*Dataset section*
────────────────

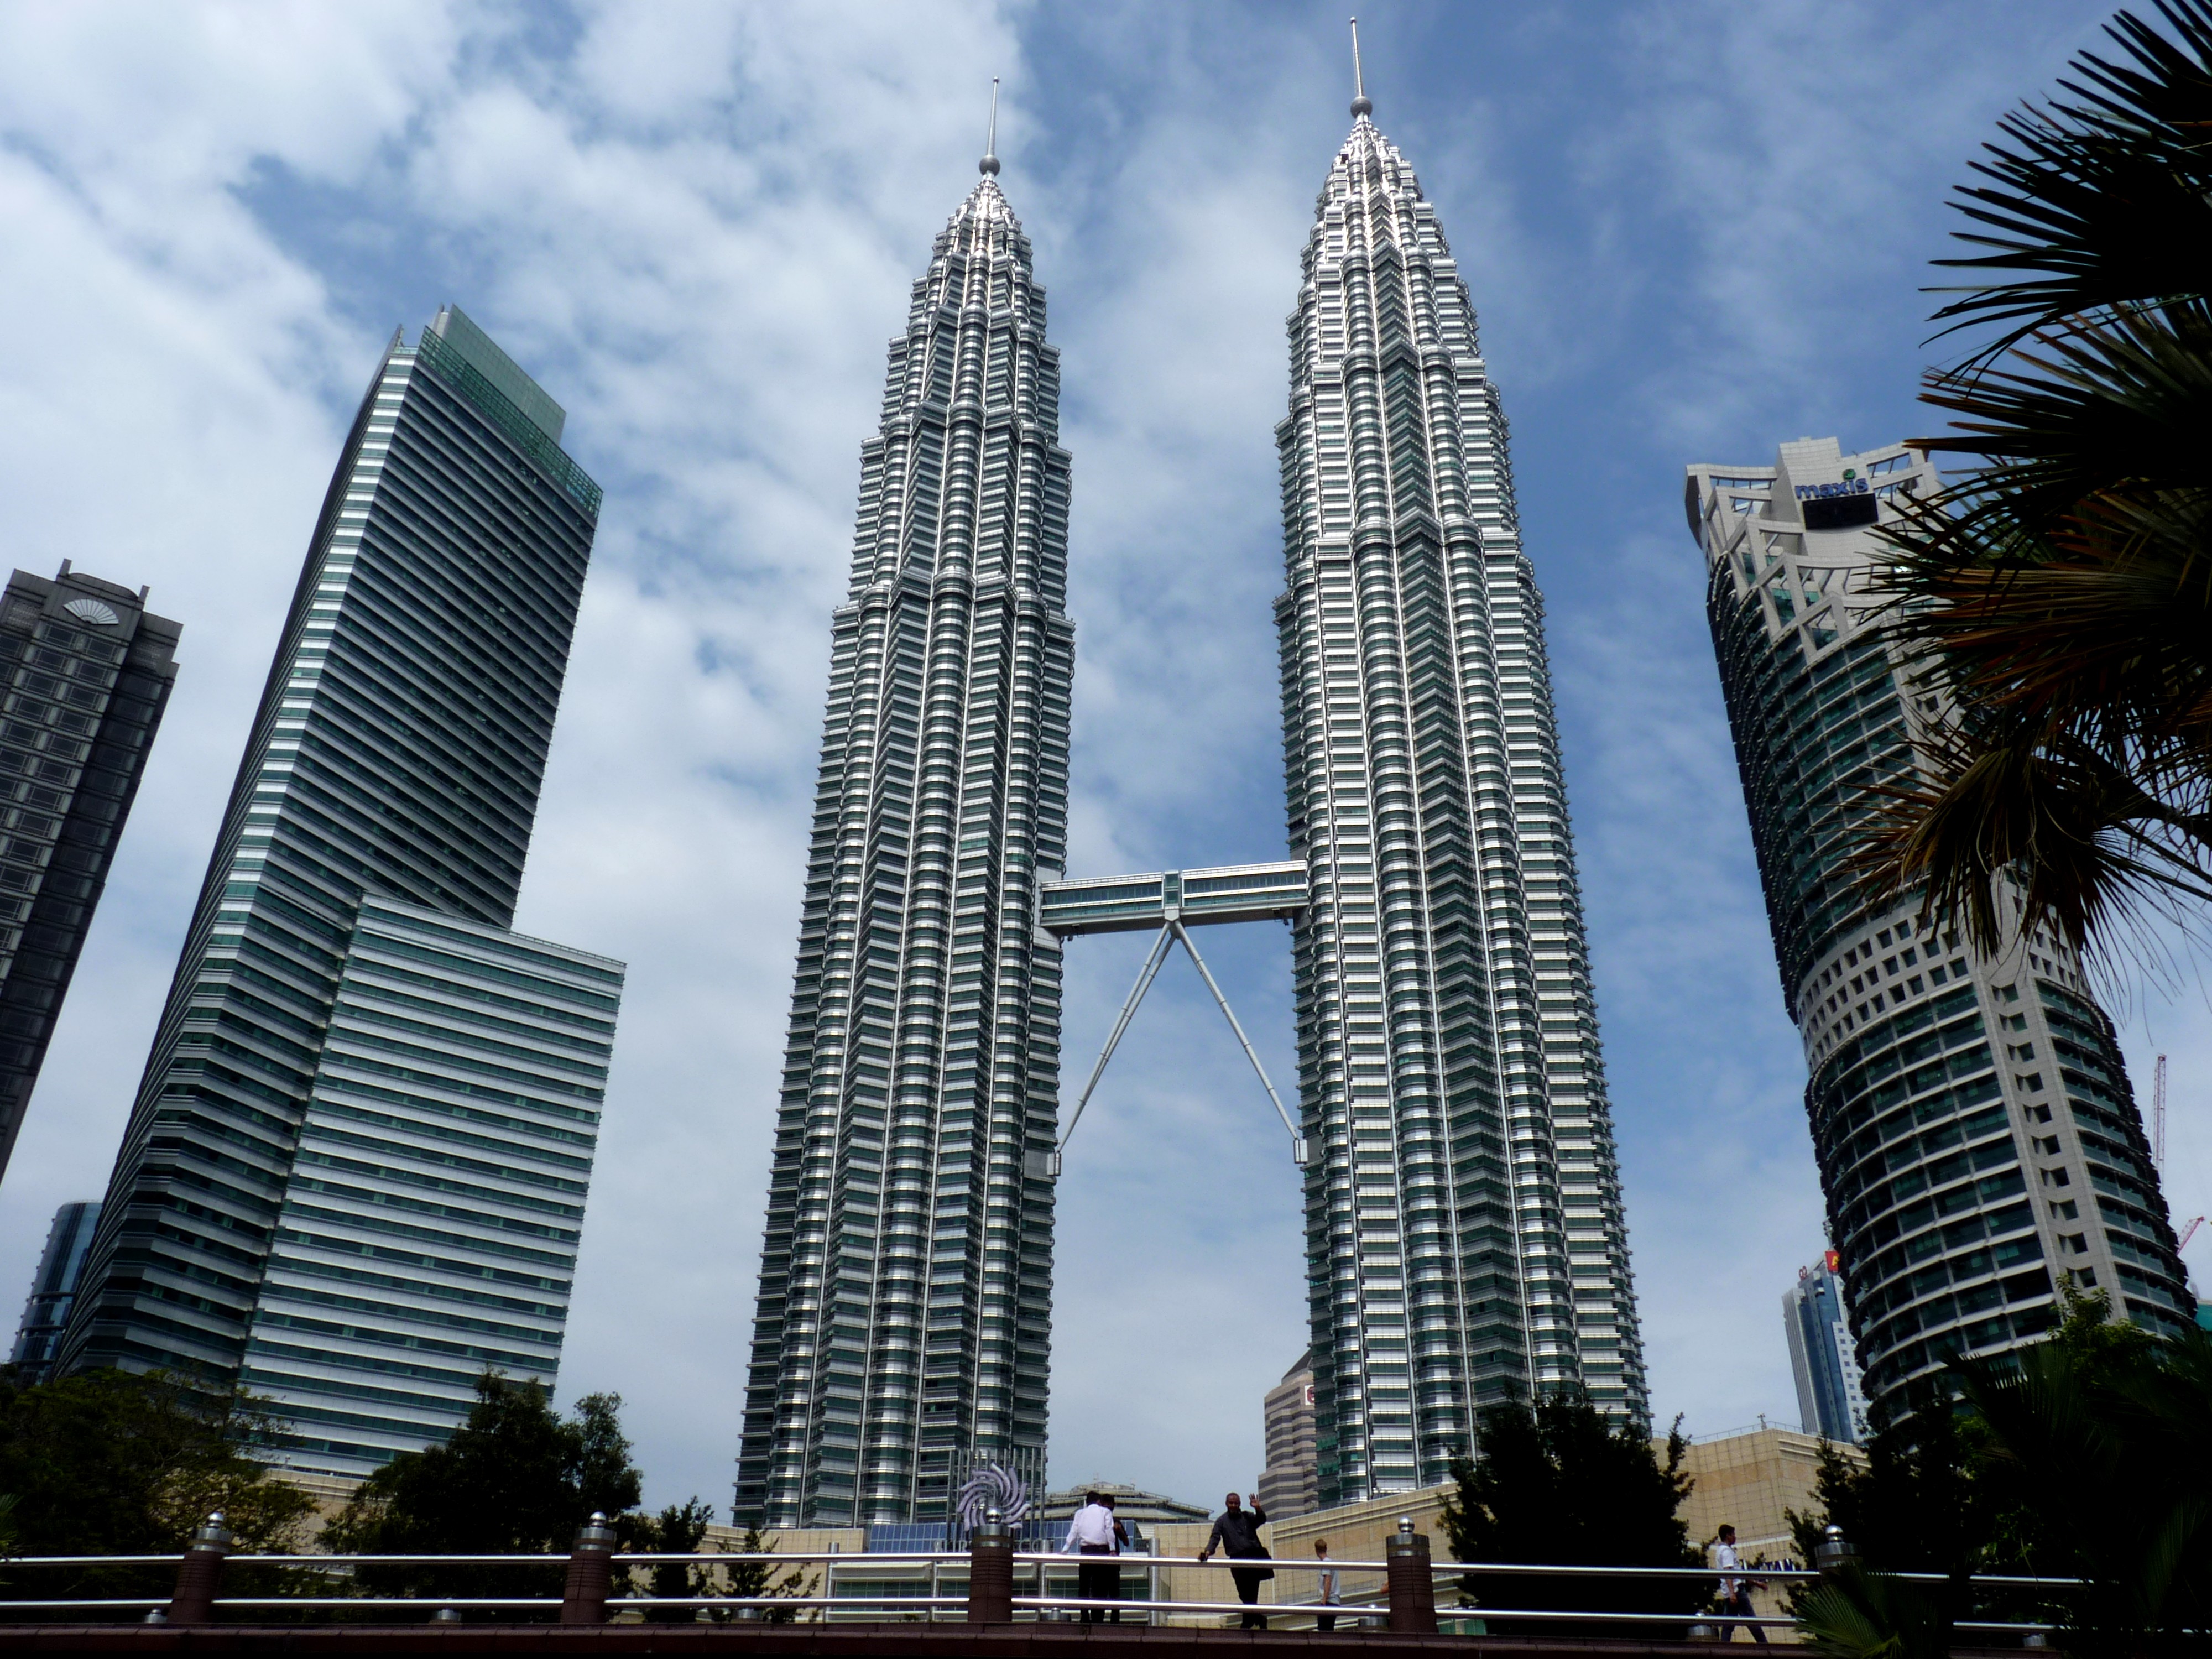 File:The Petronas Twin Towers in Kuala Lumpur (Malaysia).JPG ...
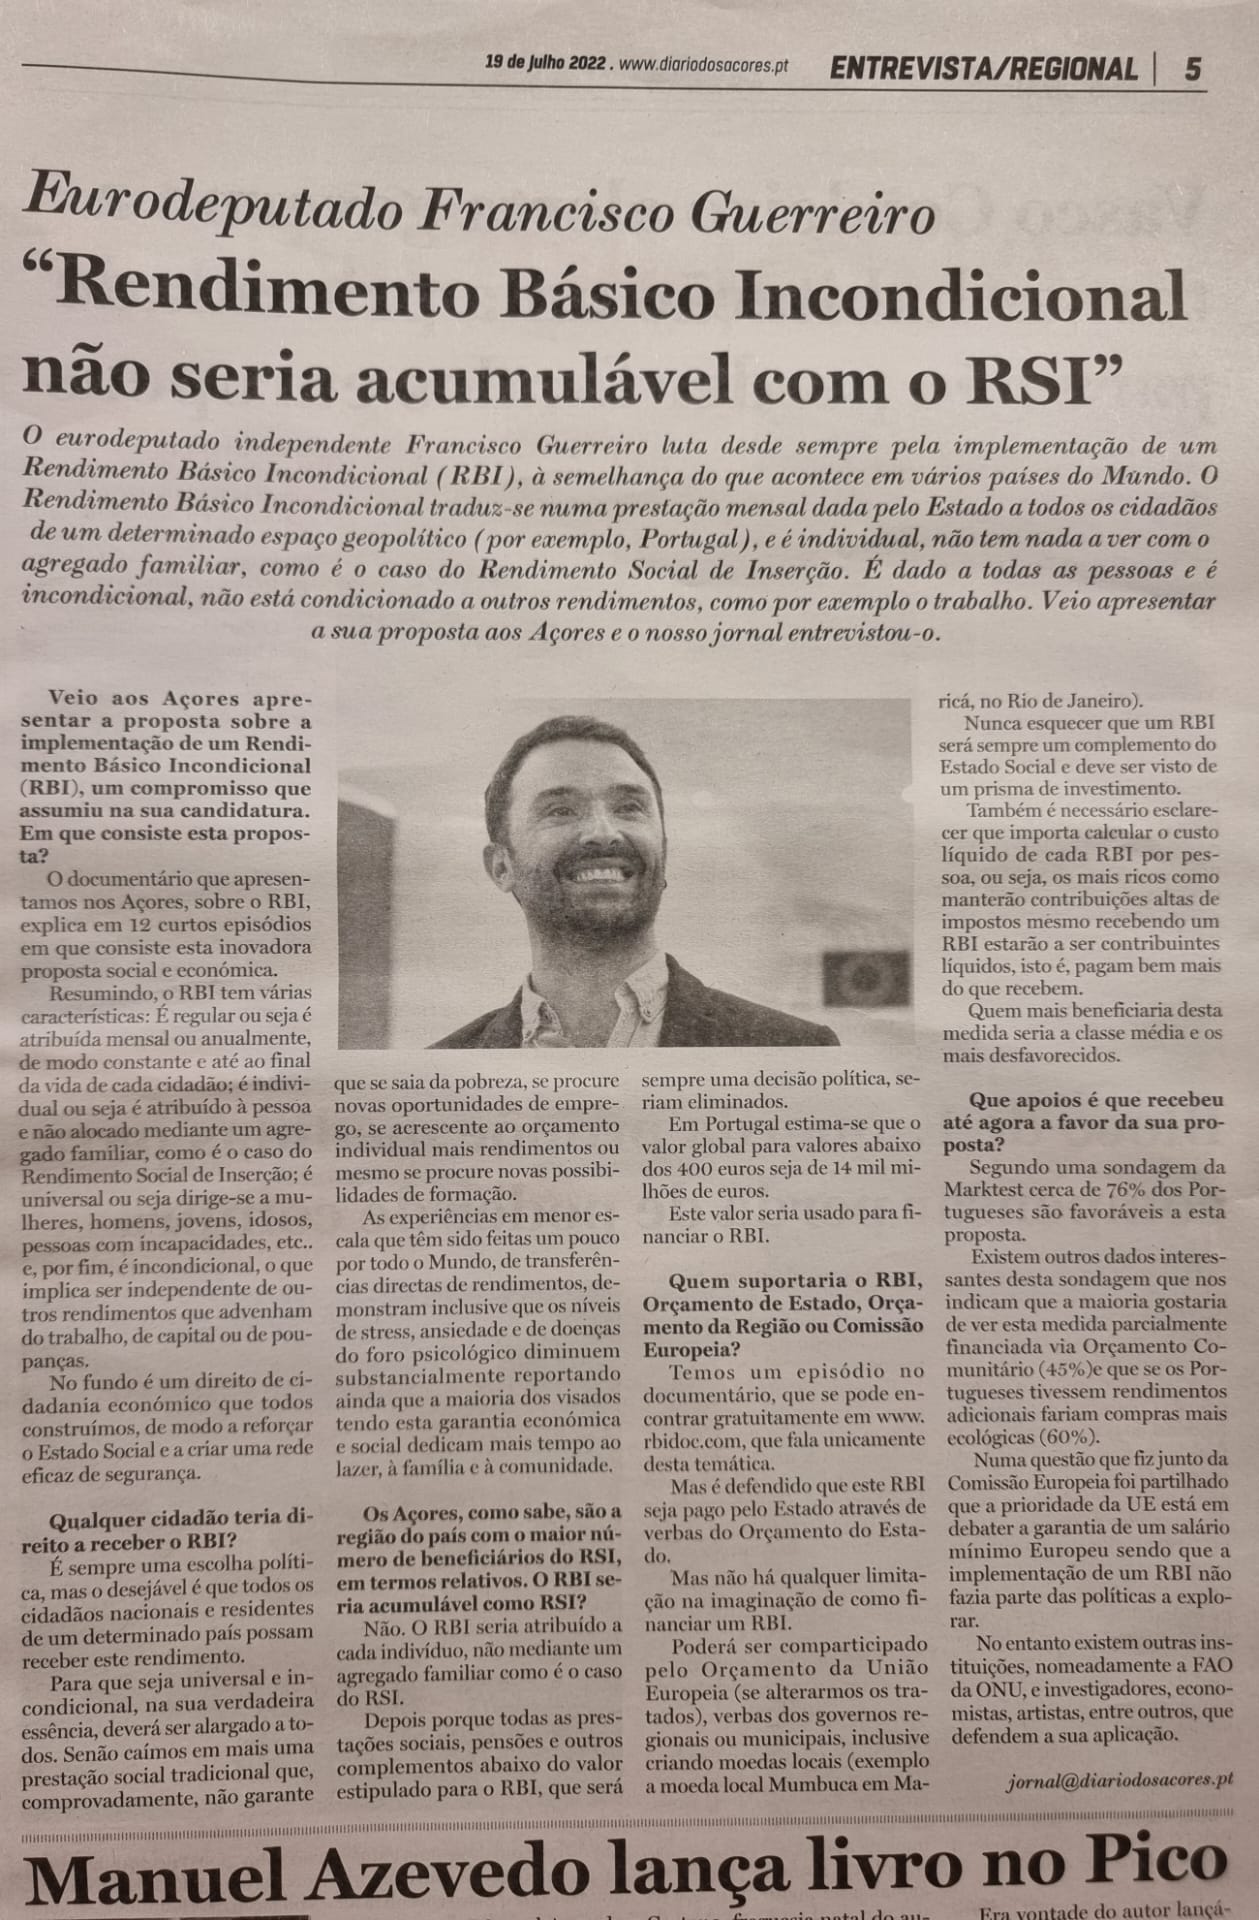 Diário dos Açores: 'Rendimento Básico Incondicional não seria acumulável com o RSI'
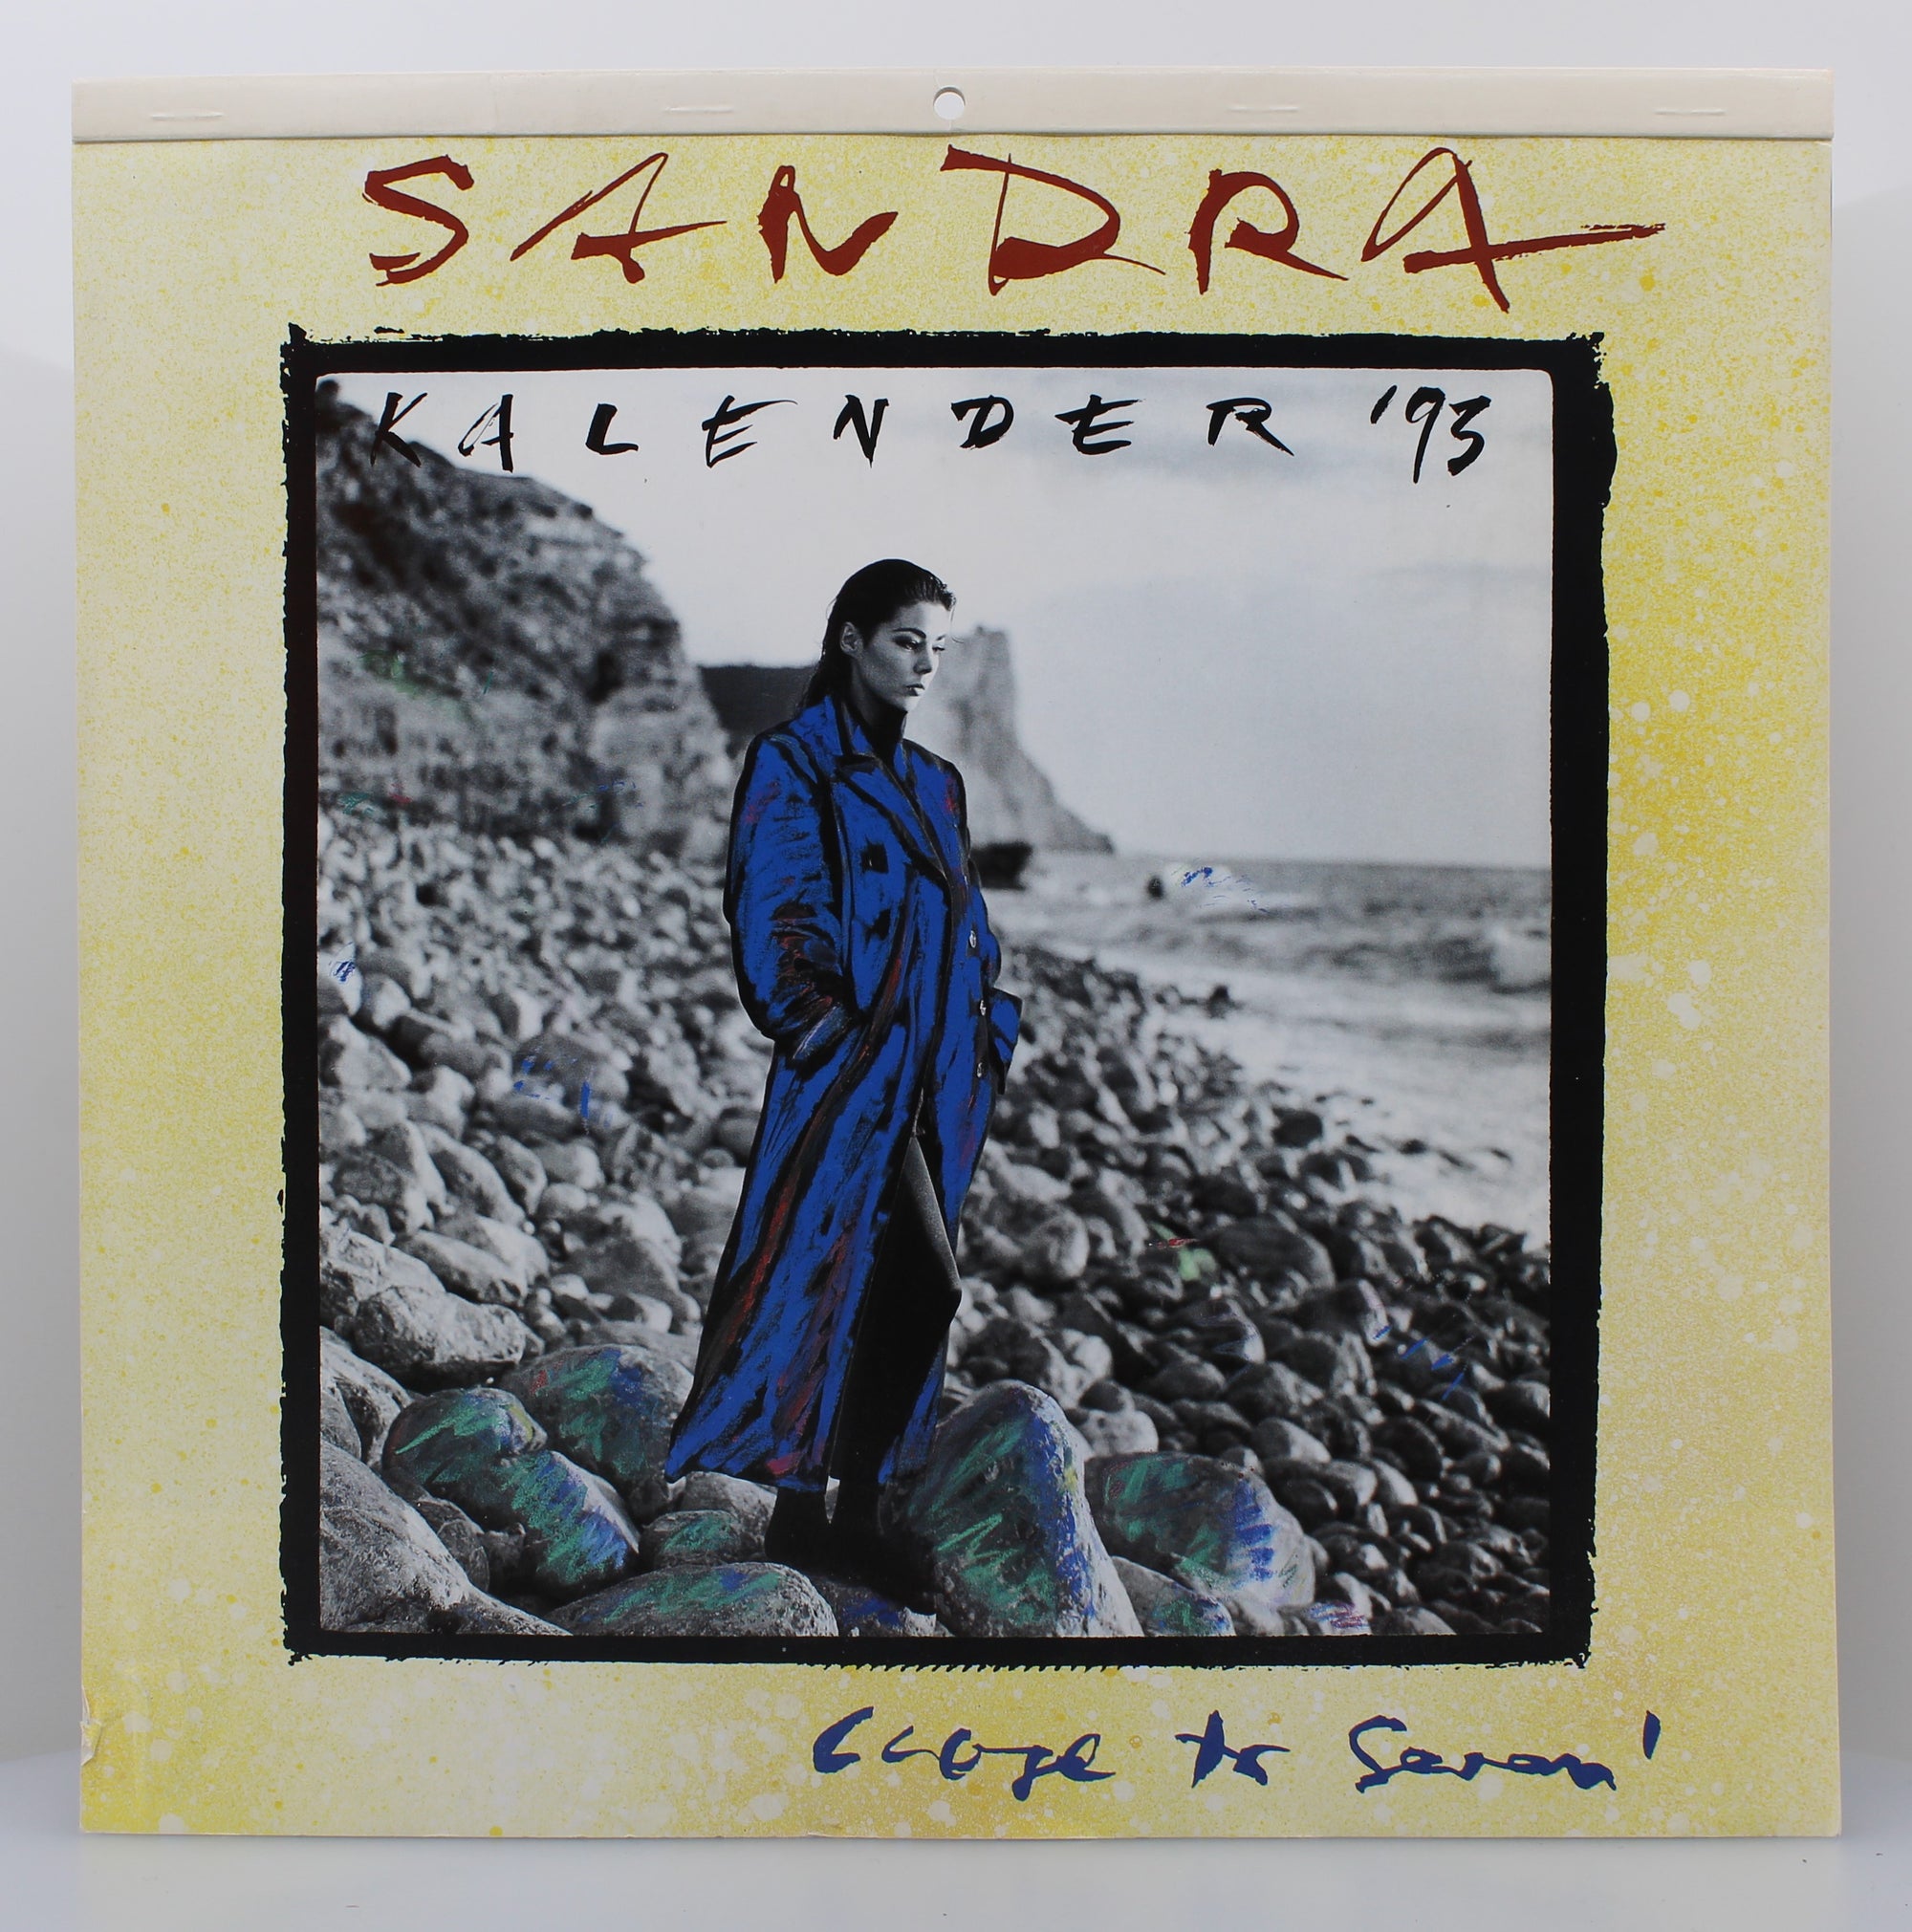 "Sandra - Kalender '93", PUBLISHED: 1993, Calendar, Germany 1993

────────────────

Beginning with the line that holds "Diário dos Açores: 'Rendimento", write out exactly the lines down to the end of the material above, and no others. Pictures are not part of the copy.

*Solution*
 Diário dos Açores: 'Rendimento Básico Incondicional não seria acumulável com o RSI'
 "Sandra - Kalender '93", PUBLISHED: 1993, Calendar, Germany 1993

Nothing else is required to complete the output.